A sample of nickel is heated to \(99.8^{\circ} \mathrm{C}\) and placed in a coffeecup calorimeter containing 150.0 \(\mathrm{g}\) water at $23.5^{\circ} \mathrm{C}$ . After the metal cools, the final temperature of metal and water mixture is \(25.0^{\circ} \mathrm{C}\) . If the specific heat capacity of nickel is 0.444 \(\mathrm{J} /^{\prime} \mathrm{C} \cdot \mathrm{g}\) what mass of nickel was originally heated? Assume no heat loss to the surroundings.

: We are given: - Initial temperature of nickel, \(T_{Ni_{initial}} = 99.8^{\circ} \mathrm{C}\) - Initial temperature of water, \(T_{water_{initial}} = 23.5^{\circ} \mathrm{C}\) - Final temperature of metal-water mixture, \(T_{final} = 25.0^{\circ} \mathrm{C}\) - Mass of water present, \(m_{water} = 150.0\,g\) - Specific heat capacity of nickel, \(C_{Ni} = 0.444\, \frac{\mathrm{J}}{^{\circ} \mathrm{C} \cdot \mathrm{g}}\) We need to find the mass of the nickel, \(m_{Ni}\).

: Since there is no heat loss to the surroundings, the heat gained by water (\(Q_{water}\)) equals the heat lost by nickel (\(Q_{Ni}\)). We can write the heat transfer equation as follows: \(Q_{water} = -Q_{Ni}\)

: The heat gained by water can be calculated using the specific heat capacity of water, the mass of water, and the temperature difference: \(Q_{water} = m_{water} \cdot C_{water} \cdot (T_{final} - T_{water_{initial}})\) Here, the specific heat capacity of water, \(C_{water} = 4.18\, \frac{\mathrm{J}}{^{\circ} \mathrm{C} \cdot \mathrm{g}}\). Now, we plug in the given values: \(Q_{water} = (150.0\,g) \cdot (4.18\, \frac{\mathrm{J}}{^{\circ} \mathrm{C} \cdot \mathrm{g}}) \cdot (25.0^{\circ} \mathrm{C} - 23.5^{\circ} \mathrm{C})\)

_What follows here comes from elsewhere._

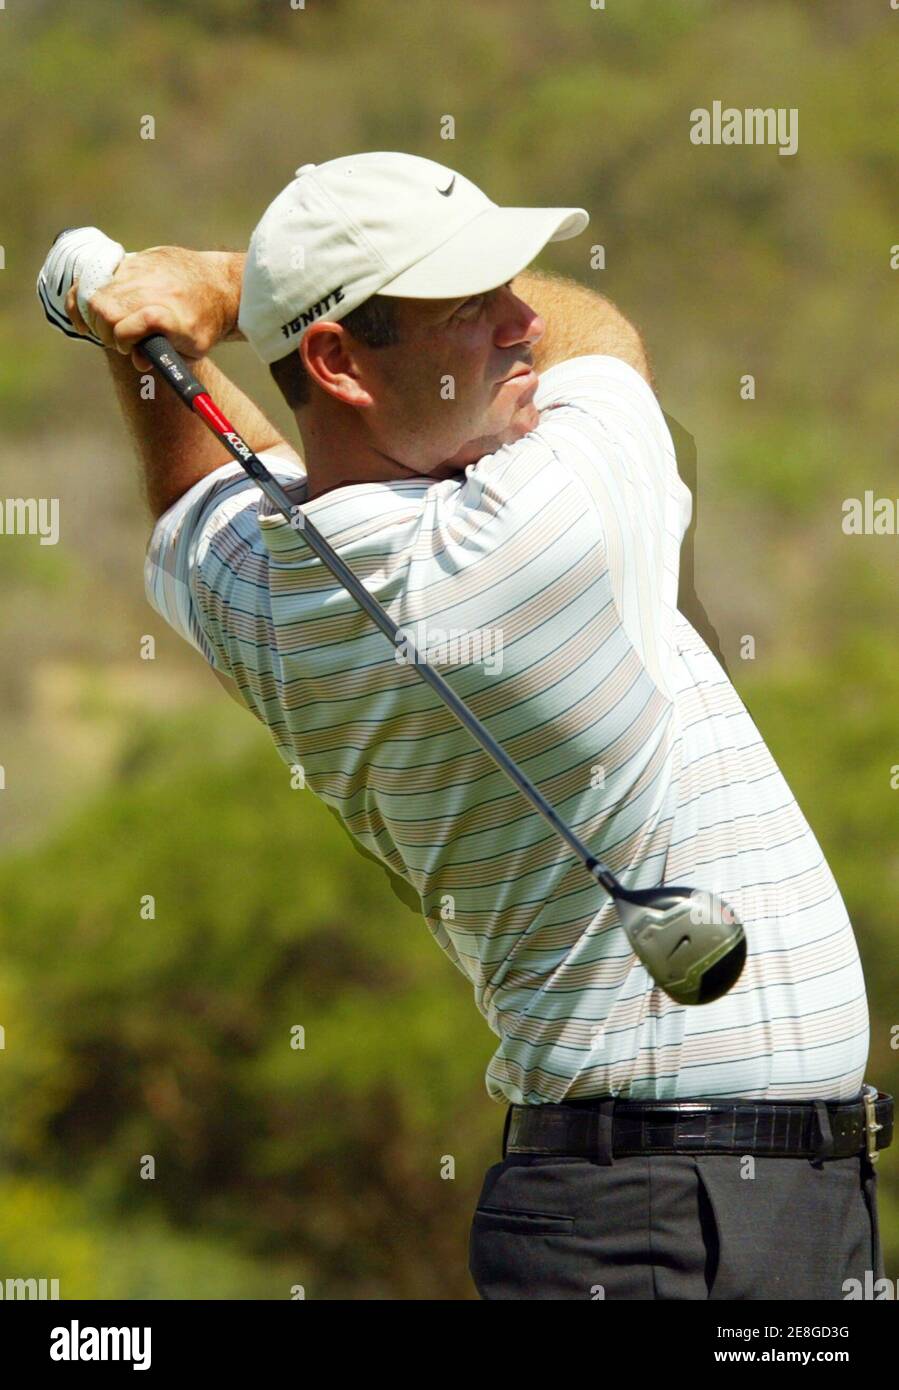 Stewart Cink der USA spielt eine Aufnahme während des ersten Tages der $ 4 Millionen Sun City Golf Challenge in Sun City, westlich von Johannesburg in Südafrika 1. Dezember 2005. Cink fertig in einem über 73. REUTERS/Juda Ngwenya Stockfoto

: The heat lost by nickel can be calculated using the specific heat capacity of nickel, the mass of nickel, and the temperature difference: \(Q_{Ni} = m_{Ni} \cdot C_{Ni} \cdot (T_{Ni_{initial}} - T_{final})\) Now, we use the equation from Step 2 to substitute for \(Q_{Ni}\): \(Q_{water} = -m_{Ni} \cdot C_{Ni} \cdot (T_{Ni_{initial}} - T_{final})\)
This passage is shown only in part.